Note: As an option for placing partial bids on titles with volumes that are still within copyright the system shall automatically calculate the enddate of the partial bid from the national copyright date information attached to the user's login profile.
For Uploading an entire picklist into the Deduplication Tool:
A user has generated a picklist containing all of the items they wish to scan and check for duplication. This picklist contains both monographs and serials. The user goes to the deduper tool and uploads the picklist in .xls file format containing the minimum MARC fields for each item, i.e. volume (see below). The deduplication tool compares each of the items in the picklist to other bids that have already been uploaded by other users. These bids include both monographs and serials. The deduplication tool then returns a list of potential duplicates (both for monographs and serials). The list that is displayed is made up of the records from the current user's picklist. In other words, the deduplication tool displays the records that may potentially be duplicates from the picklist that was just uploaded. When a user clicks on one of the displayed records, more information displays below the record from the uploaded picklist. This information details the records from other institutions that match the user's record (essentially the records that may be the duplicate(s) to that record). The user can then see all of the potential duplicate records at one time on one page. If the user ascertains that their record is a duplicate to something that has already been scanned, they can delete their record from the uploaded picklist. Once this process is complete, the user can click "confirm", and the deduplication tool includes these records in its database to compare future uploaded picklists to. The key here is that users would be deduping monographs and serials at once, from one interface. That way, regardless of whether one institution catalogs a set of items as a monographic series, and another catalogs it as a serial, this will not make a difference when de-duping. All items will compare to all other items - monographs to monographs, serials to serials, and monographs to serials. The unity of the serial bid list and monograph de-duplication tool also allow users to check one, or a handful, of items for their scan status. One stop shopping for the user!
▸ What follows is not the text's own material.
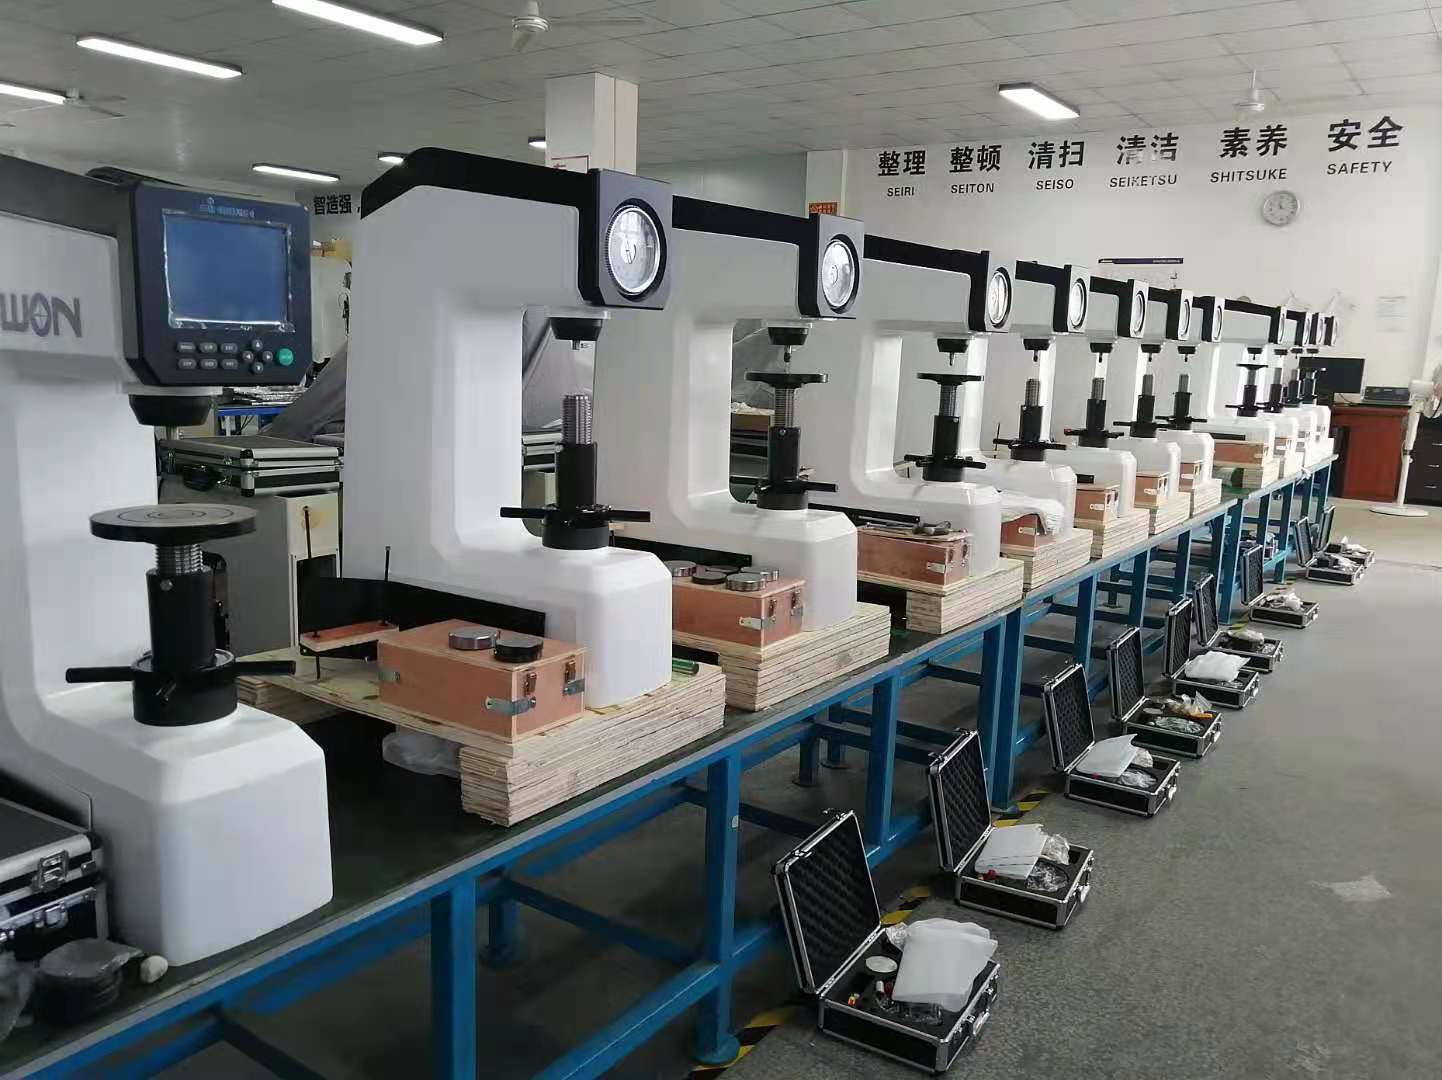 20 SETS OF SINOWON ROCKWELL HARDNESS TESTERS WERE SOLD IN JULY
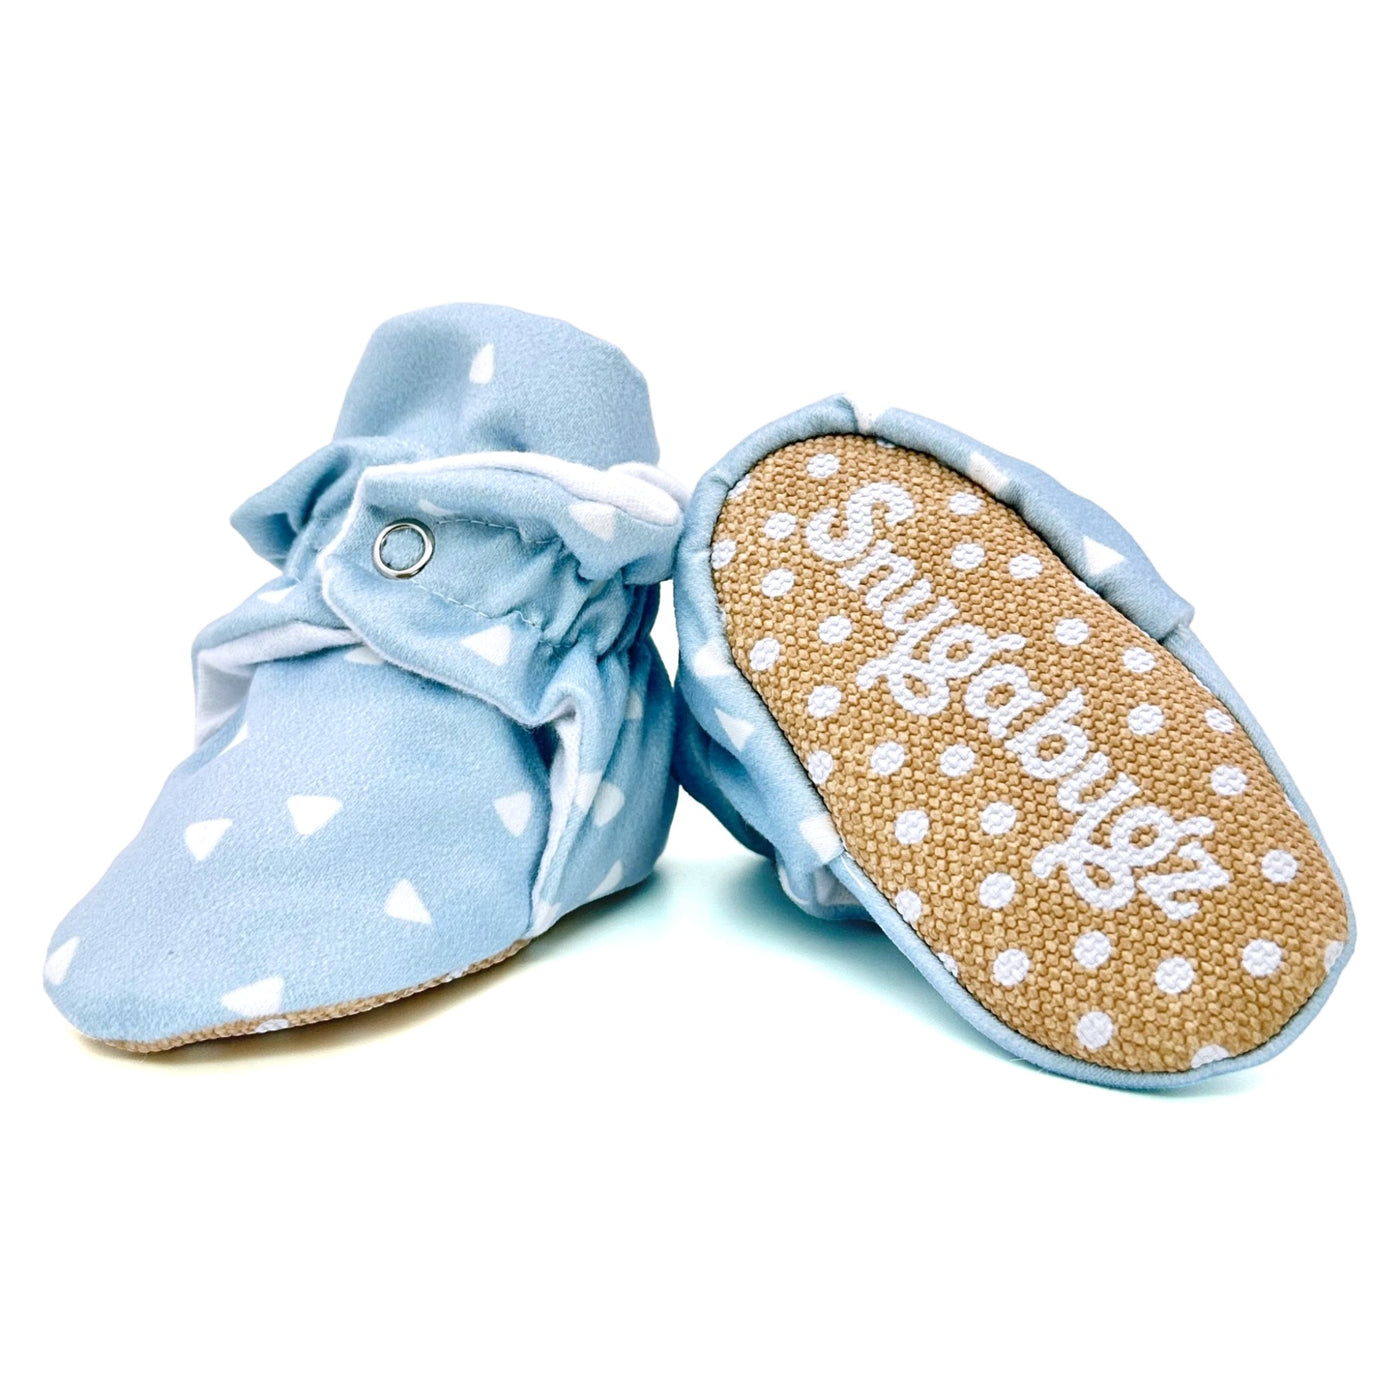 Stay-on baby booties featuring white triangles on a baby blue background print, with non-slip soles and adjustable three snap closure. Made from organic cotton.

System loads bids, flags a bid date and institution ID linked with login of person who uploaded it. Exceptions report is generated for any bids which could not be placed because title could not be found or existing bid with overlapping years (or full) already exists.
*Minimum fields for upload xls file:
ILS bib ID as column 1, year start (2), year end (3), Partial/Full (4)
Monographic series
A user has 3 volumes of a monographic series. Each volume has a separate title (e.g. v.1 "The relationship between shoelace length and intelligence") but is part of the
Society of Irrelevancy Series on Rumors. The volume title is in the MARC 245 field and the series title is in the MARC 440 field. The title is uploaded to the deduper which checks both. The monographic title is automatically added to the database if no duplicate is found. The volumes are automatically added to the serials bid list as a bid for volumes 1-3 of the series if no bids exist already for the volumes. (Perhaps we should have an intermediate page for the serials bid that shows the uploaded 3 volumes, the series records in the bid list and the bids on those records. For example, it would show the series records for the
Society of Irrelevancy Series on Rumors and indicate that volumes 5-10 have been bid. Since the user has v. 1-3, the user could click on "confirm bid" and the bid would be entered in the database.)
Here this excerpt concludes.